At maturity, these new slates had black flecks throughout the plumage. These flecks varied in size; and in some cases an entire feather was black. Breeders liked this "rich grey" appearance of these new slates on a black base and called them "blues" or "blue splashes". And then the confusion really started because many breeders also bred chickens. In chickens, blue refers to a heterozygous blue, and splash to a washed-out, splotchy homozygous light colored bird. But in turkeys they started calling the heterozygous bird blue splash.
Regardless, breeders disliked the black flecks.

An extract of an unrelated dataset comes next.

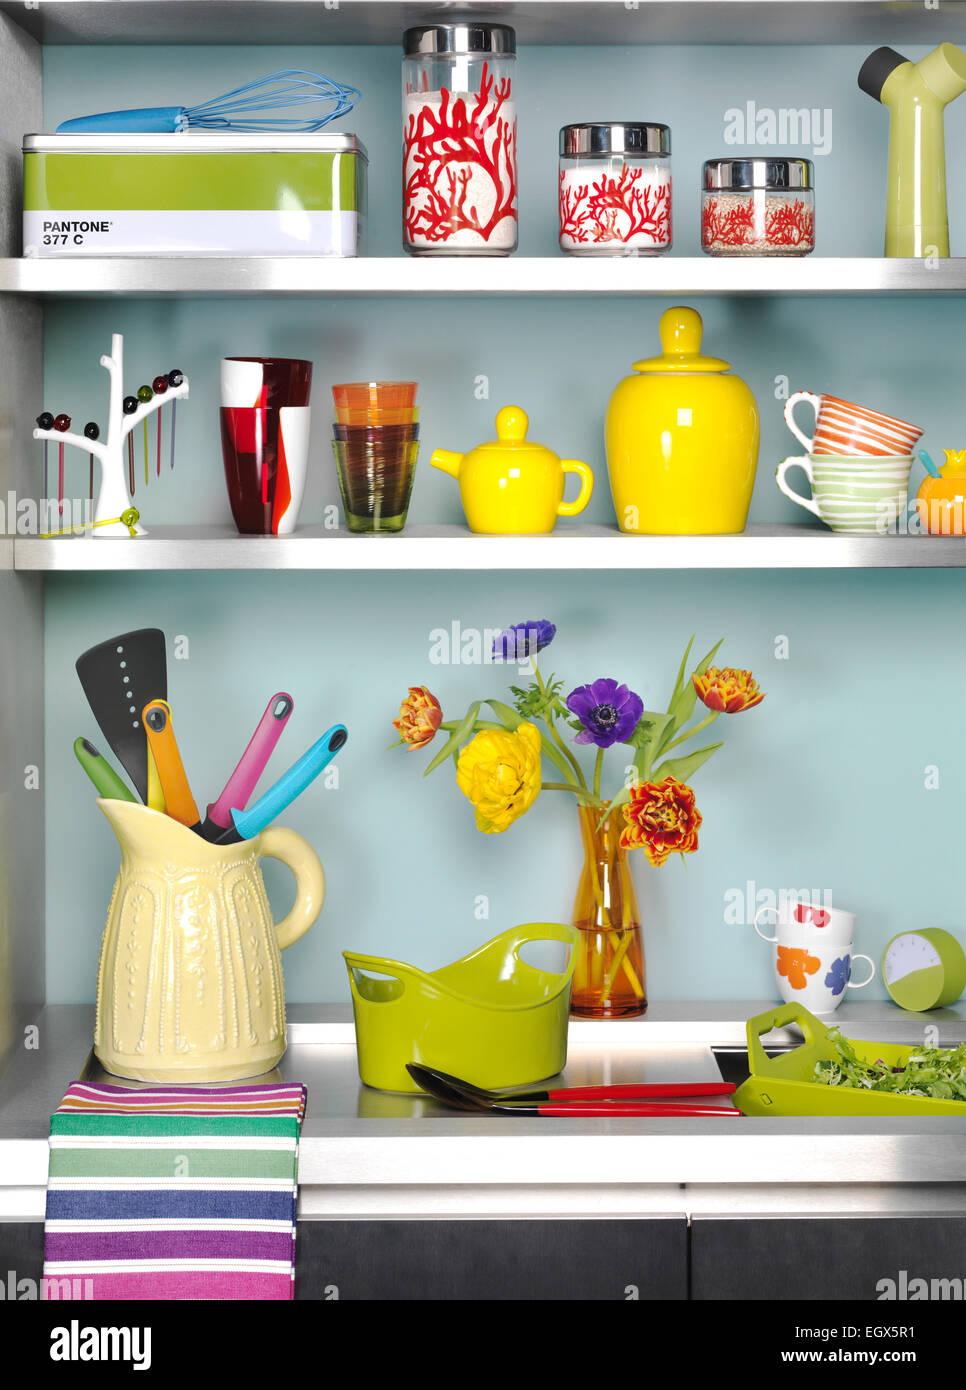 Interiors Modern Kitchens Shelving Stock Photos & Interiors Modern ...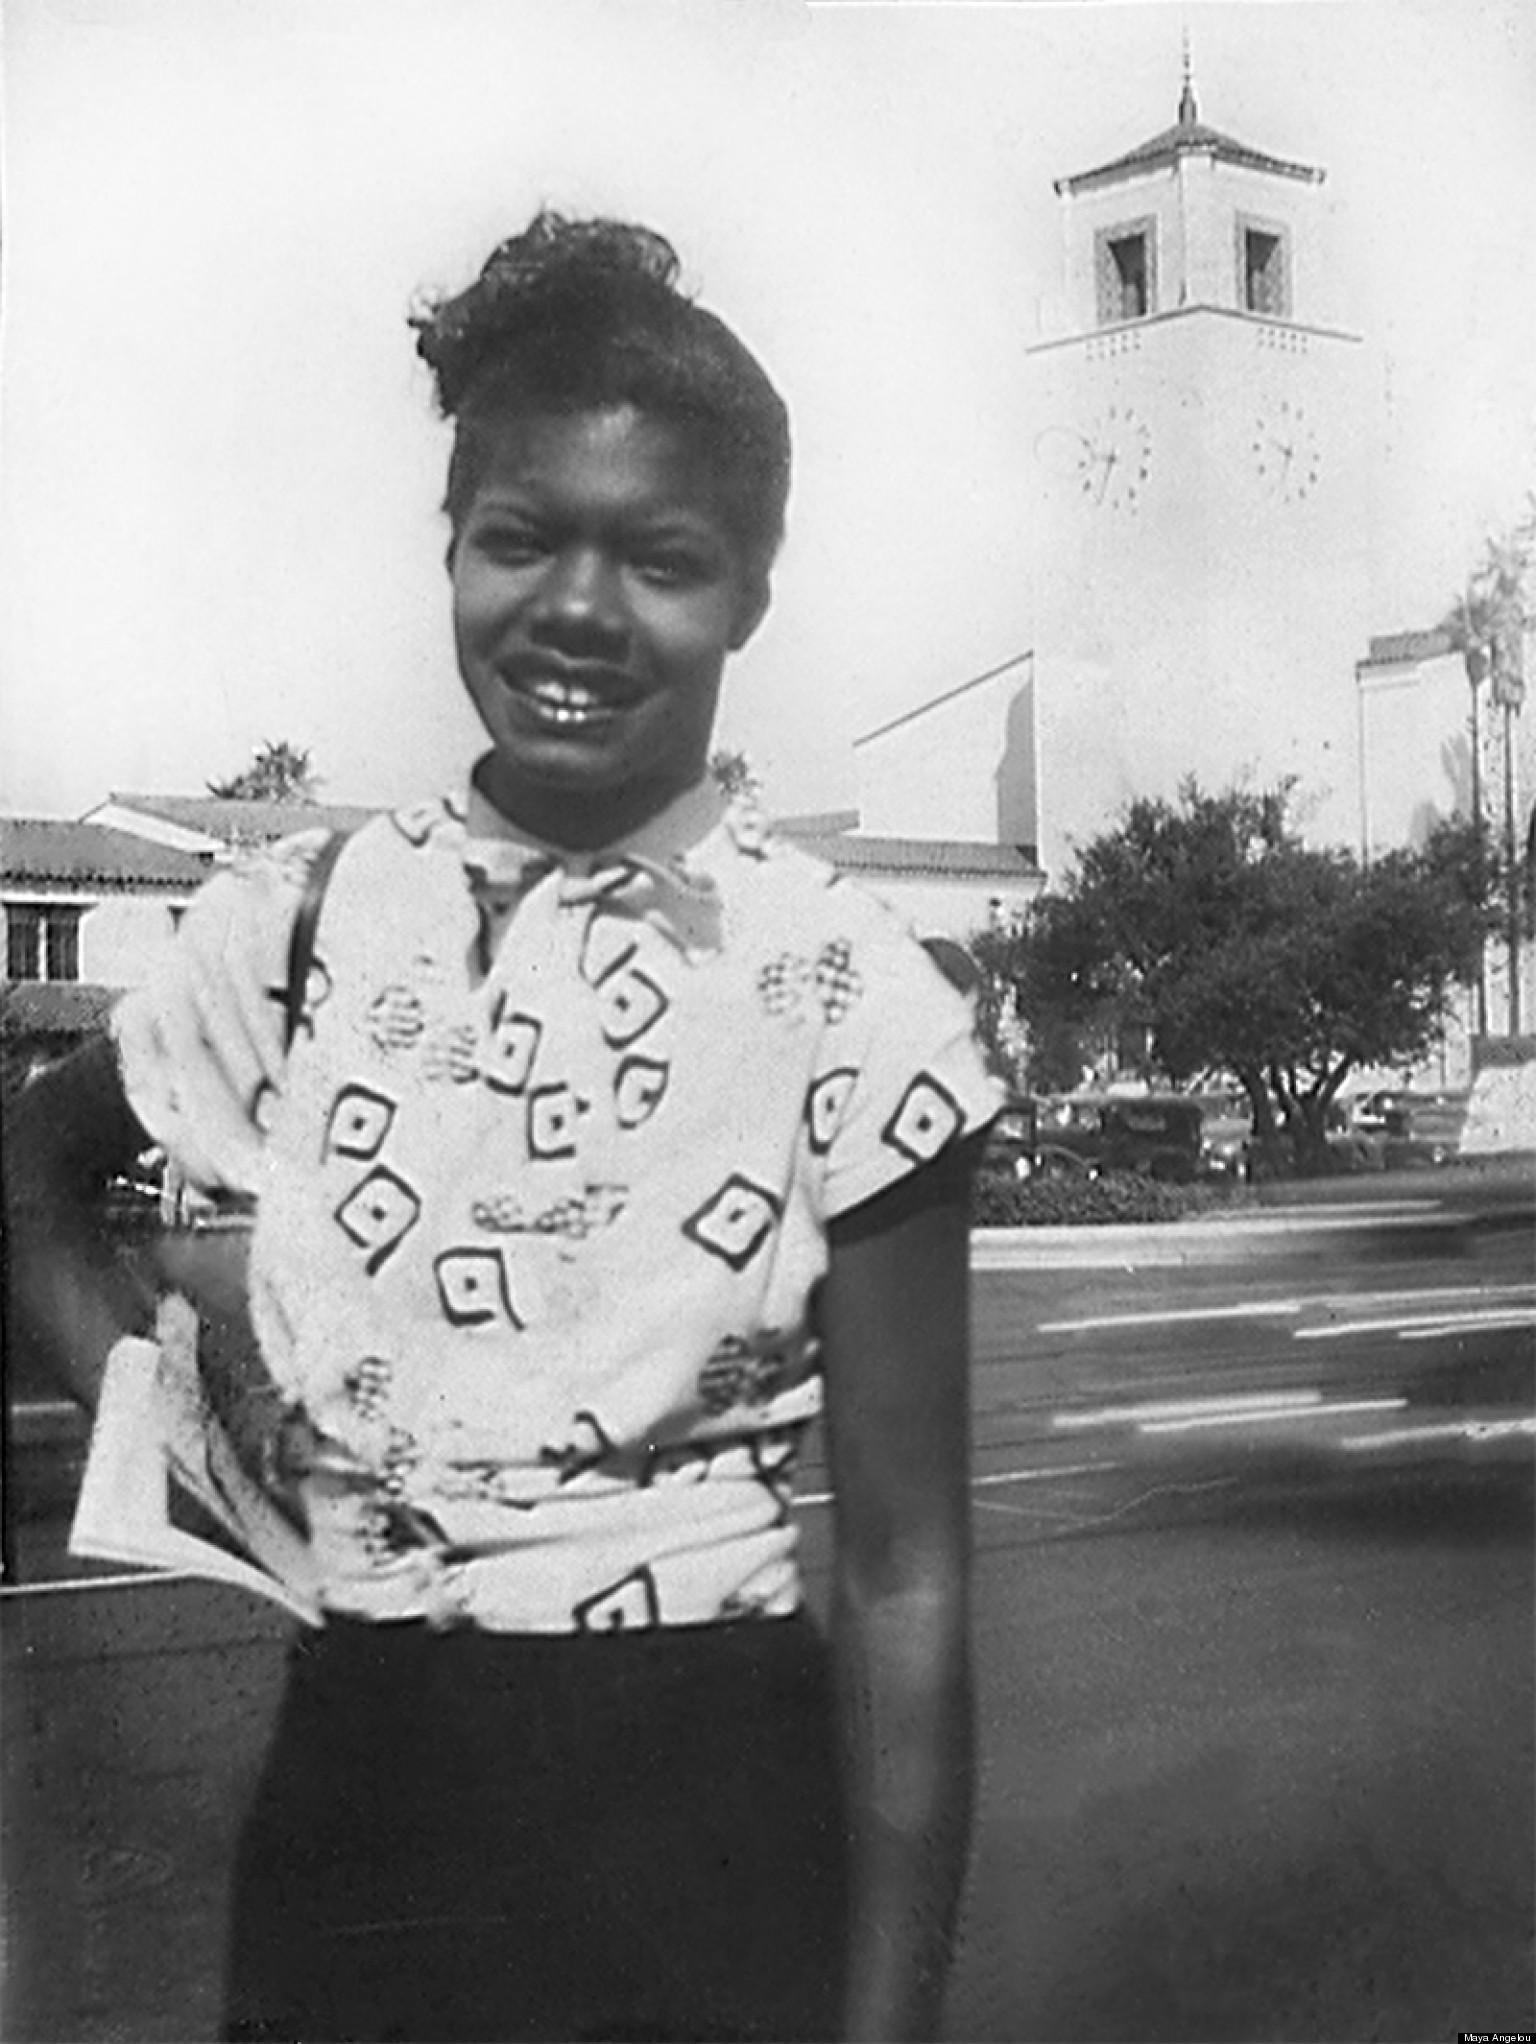 http://i.huffpost.com/gen/1134817/thumbs/o-MAYA-ANGELOU-SAN-FRANCISCO-FIRST-BLACK-STREETCAR-facebook.jpg

When these blue splashes were intermated; blacks, bronzes, dark and light bronze-base slates (striped down), and blue splash and an even lighter blue (w/face masks) segregated out. These light black base slates were a very uniform pale bluish grey free of any flecks in the down. hence the name, "blues". However, these individuals when mature were somewhat paler in color than what appears to have been desired in the Standard at that time. The hens were particularly attractive with a uniform grey color with the faint white edging on the breast feathers. "Pearl grey" may have been a more appropriate choice of words? ? ?
The toms were not (and are not) as pleasing in appearance. A dark edging on the feathers sometimes created an uneven, blotchy appearance, even though they were free of the flecks of the heterozygous blue splashes. Some toms were more uniform than others, and careful selection for many years by the dedicated old breeders for, or against, minor modifying factors successfully produced more uniformily colored blue strains. These lighter colored clear feathered strains bred true. About this time Marsden and Martins book stimulated the switch from bronze base to black base slates to fit the Standard, but in those early editions they described the Standard slates and these new blues separately while suggesting the blue would be an acceptable show slate.